Тут очень важно – и это чувствуется – это не пастиш, не стилизация, не имитация сказочной литературы; это оригинал. Дело даже не в величине словарного запаса и не в степени его архаичности: писательница не синтезирует предложения на основе выписанных из Даля слов, у нее прямой доступ туда, к глубинному роднику народной речи, к живой воде, в которой растворен юмор, воображение, «русский дух». Доказать это невозможно; просто чувствуется. Есть такие писатели, в которых хранится и через которых передается этот самый народный язык, которые не просто имеют дар чувствовать музыкальность фразы, но имеют доступ к донным слоям речи; Лесков, Личутин, Солженицын; и вот Кунгурцева – одна из них.
Язык сохраняет прозрачность до самого конца; совсем другое с сюжетом. Чем дальше от первой страницы, тем темнее смысл происходящего, тем меньше связей с реальностью. Иван и Степанида словно запутываются внутри мифов, и узнаваемость отдельных элементов уже не помогает его дешифровке; фигуры как будто теряют антропоморфность, становятся запредельно ужасными; ближе к концу пребывания в «другом лесу» Ивана и Степаниду окружают какие-то лавкрафтовские существа. «Сказка» превращается в бесконечный коридор, по которому героев гонит какой-то потусторонний ветер, – туда, куда человеку совсем не надо бы заглядывать.
Важная вещь, о которой надо сказать: как и в «Волшебном меле», в «Ведогонях» – ощущение невероятной насыщенности, плотности, неисчерпаемости всего этого хтонического мира.
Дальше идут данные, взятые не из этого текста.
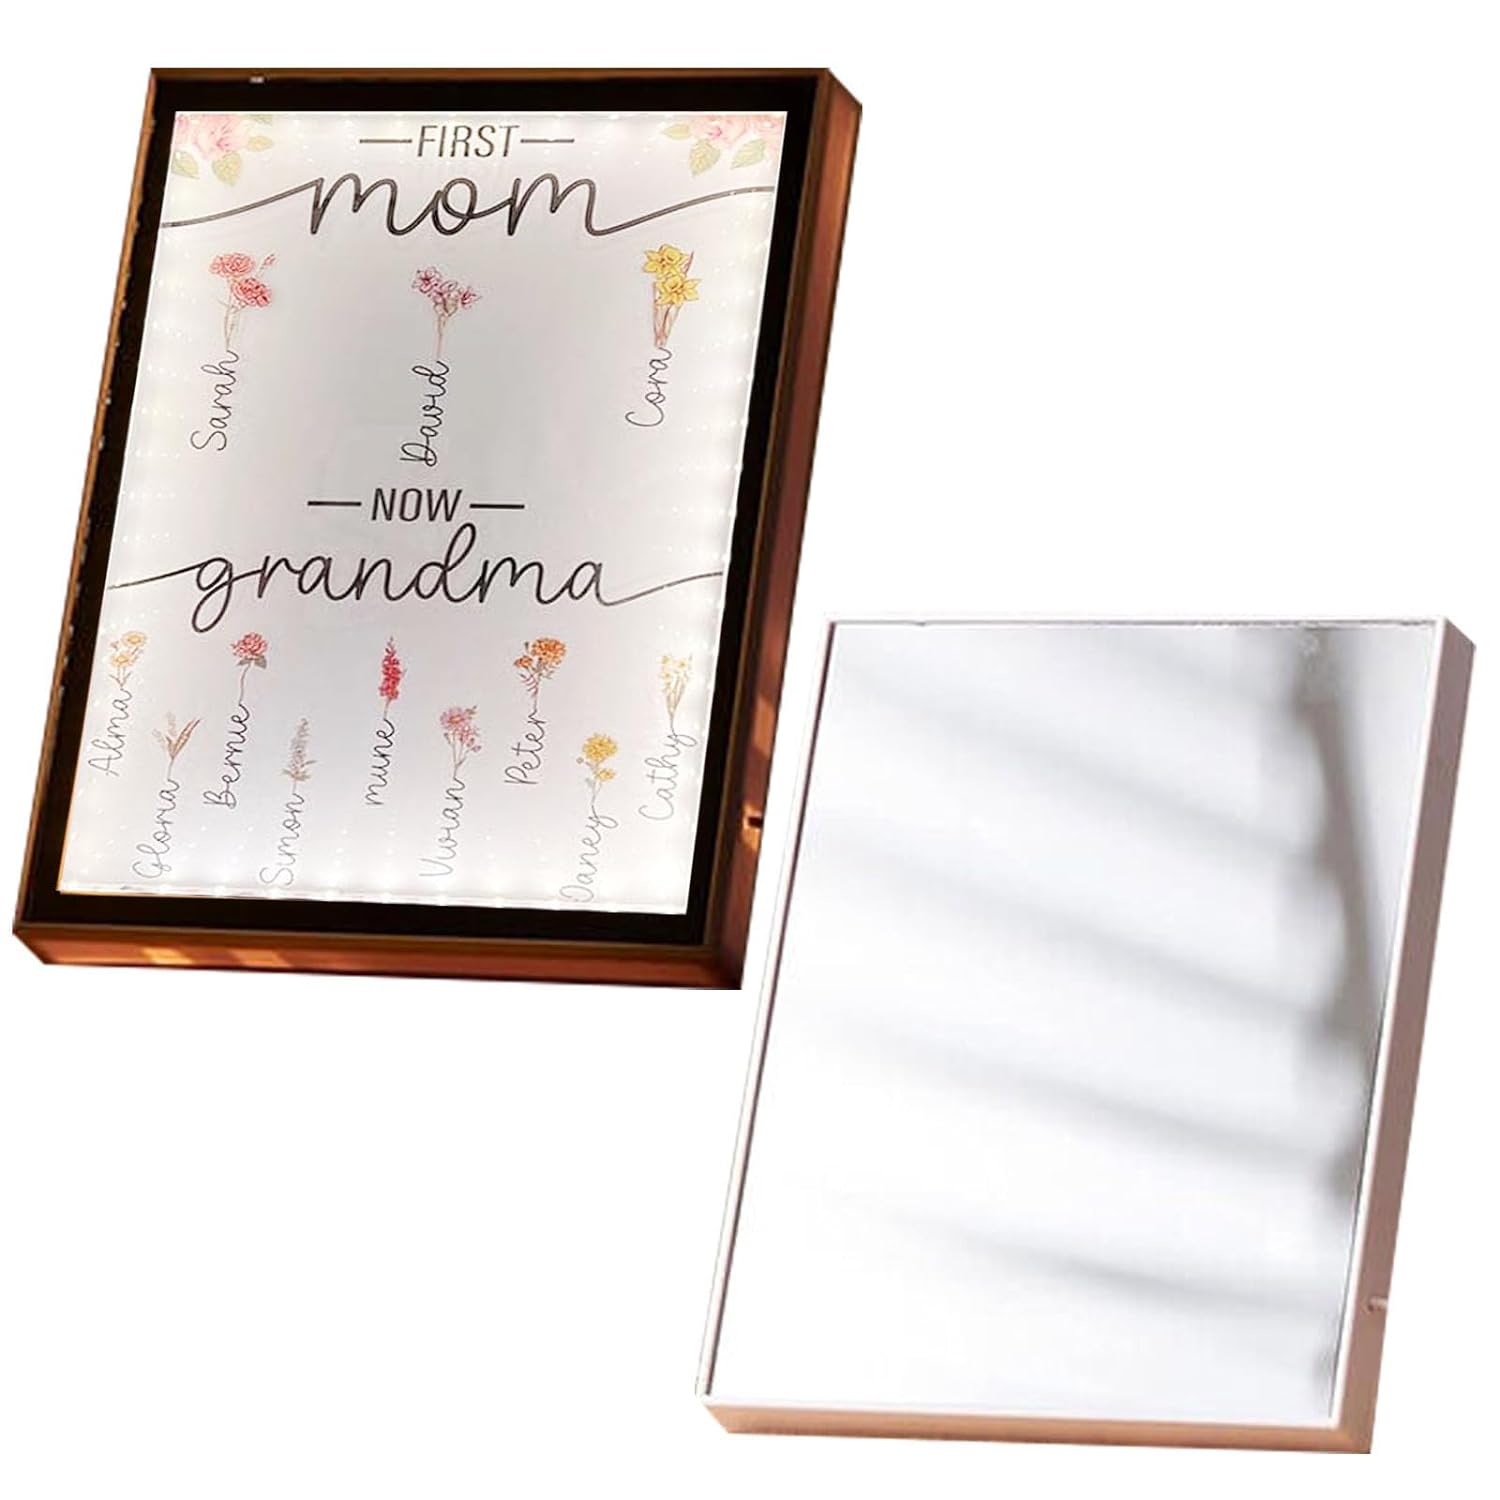 Lampada da specchio personalizzata con nome a LED per specchio per la festa della mamma, luce notturna personalizzata per la prima mamma e ora per la nonna

Нам не просто декларировано существование некой альтернативной реальности – там в три слоя событий, приключений, похождений; персонажей штабелями можно укладывать – очень жирная почва, культурный перегной, куда можно проваливаться бесконечно долго. В этом «другом лесу» так много всего, что поневоле возникает вопрос – а не является ли тот мир, подводная часть айсберга, – основным? Смерть, потустороннее, загробное пространство – это большая часть романа; она и перевешивает.
Второй роман отличается от первого; он в меньшей мере сатирический; здесь все серьезнее. Это история про попадание на «тот свет», про отключение структур сознания, фильтрующих реальные события от посмертных галлюцинаций. Об умирании «реального». «Похождения Вани Житного» вообще представляют собой каталог удивительного; но даже на фоне всех здешних чудес выделяется финал – появление Нави и Адинапетс, двойников-ведогоней, сюжетной рифмы к двойникам – двойная жизнь кое-кого из родственников, неприятная семейная тайна в основе всего (как, собственно, и бывает всегда в мифологии). Дикий, страшный, не мыслимый ни в какой сказке финал переформатирует уже-прочитанное, переписывает в голове файл «похождение» заново, задним числом. Долгая жизнь на дереве, в гнезде, теперь понятно, это все замедление, ретардация после шока – это просто потому, что они-таки умерли уже, это только приключения их душ, двойников. Мы ощущаем, что с ними что-то не так, они отторгнутые, отверженные.
Теперь ясно, что это история про смерть, физическое уничтожение, прекращение существования, точку невозврата; история, объясняющая, что такое «никогда» и «ничто» (то есть объяснить это невозможно, разве что дать почувствовать). Про искусственно растянувшийся момент между «сейчас» и «никогда», про точку, в которой исчезает время. Про отношения «яви» с «навью», про неотвратимость судьбы. Про то, что отвергнутая от тела душа может чувствовать нечто такое, что недоступно рациональному познанию. Про «переходный возраст», да, – только не из детства во взрослую жизнь, а – от бытия к небытию.